Score model for gaussian noise:

Score modeling gets around learning the normalizing constant in $p(x) = f(x)/Z$ by learning the gradient of the log probability: $\nabla \log p(x) = \nabla \log f(x)$.

In a denoising model, we have $x_0$ and $x_t$, where $x_0$ is the observed data and $x_t$ is determined by a design choice: $p(x \vert x_0, t) $. It’s important to be able to differentiate that.

\[\nabla \ln p(x \vert t) = \mathbb{E}_{x_0 \vert x, t} \left[ \nabla \ln \left(p(x \vert x_0, t) \right) \right]\]

(expand derivation)

$$\begin{alignat}{2} \nabla \log p(x \vert t) &= \frac{1}{p(x \vert t)} \nabla p(x \vert t) \\ &= \frac{1}{p(x \vert t)} \nabla \int_{x_0} p(x \vert x_0, t) p(x_0) \\ &\approx \frac{1}{p(x \vert t)} \int_{x_0} p(x_0) \nabla p(x \vert x_0, t) \\ &= \frac{1}{p(x \vert t)} \int_{x_0} p(x_0) p(x \vert x_0, t) \nabla \ln \left(p(x \vert x_0, t) \right) \\ &= \frac{1}{p(x \vert t)} \int_{x_0} p(x_0 | x, t) p(x \vert t) \nabla \ln \left(p(x \vert x_0, t) \right) \\ \\ &= \int_{x_0} p(x_0 | x, t) \nabla \ln \left(p(x \vert x_0, t) \right) \\ \\ &= \mathbb{E}_{x_0 \vert x, t} \left[ \nabla \ln \left(p(x \vert x_0, t) \right) \right] \\ \end{alignat}$$

For exponential family distributions, this is:

\[\nabla \log p(x \vert t) = \mathbb{E}_{x_0 \vert x, t} \left[ \nabla \ln (h) + \eta^T \nabla T \right]\]

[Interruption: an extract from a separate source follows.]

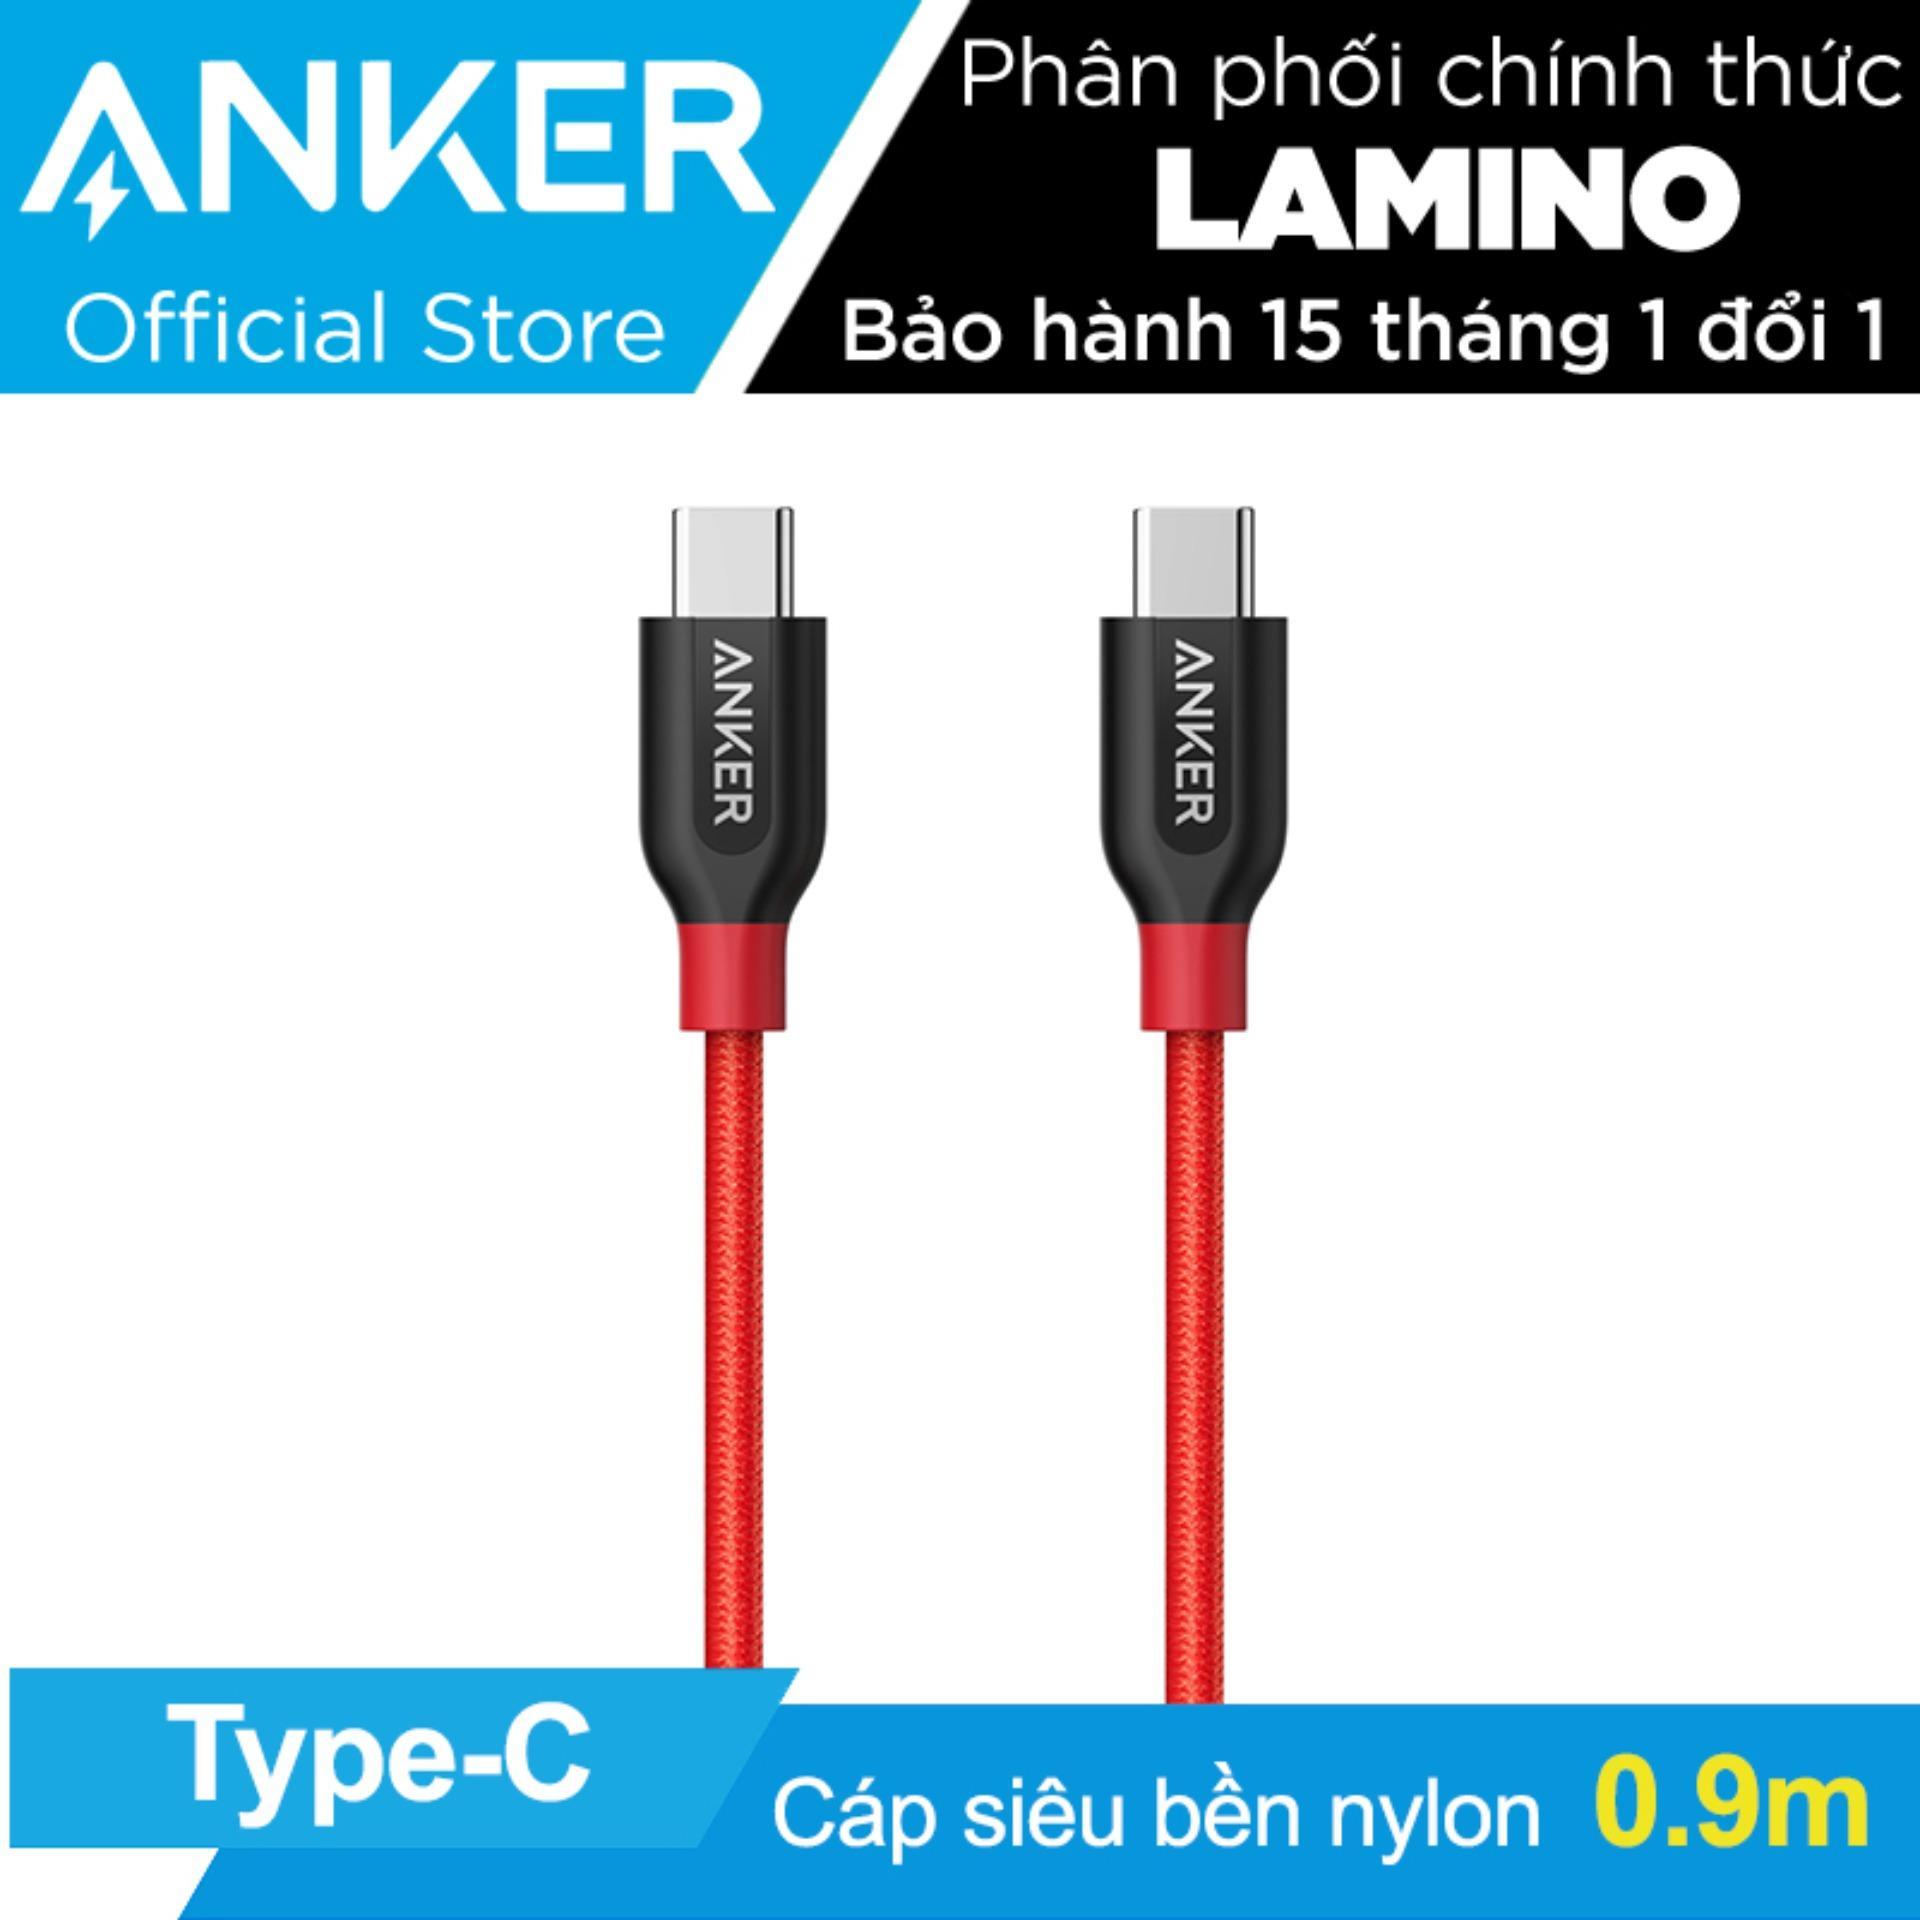 Ôn Tập Cap Sieu Bền Type C Anker Powerline Usb C Ra Usb C 2 Dai 9M Đỏ Hang Phan Phối Chinh Thức Anker

Alternatively, for a latent variable model, instead of $x_t$ and $x_0$, we’d usually denote it $z_i$ and $x$:

\[\nabla_{z_i} \ln p(z_i) = \mathbb{E}_{x \vert z_i} \left[ \nabla \ln \left(p(z_i \vert x) \right) \right]\]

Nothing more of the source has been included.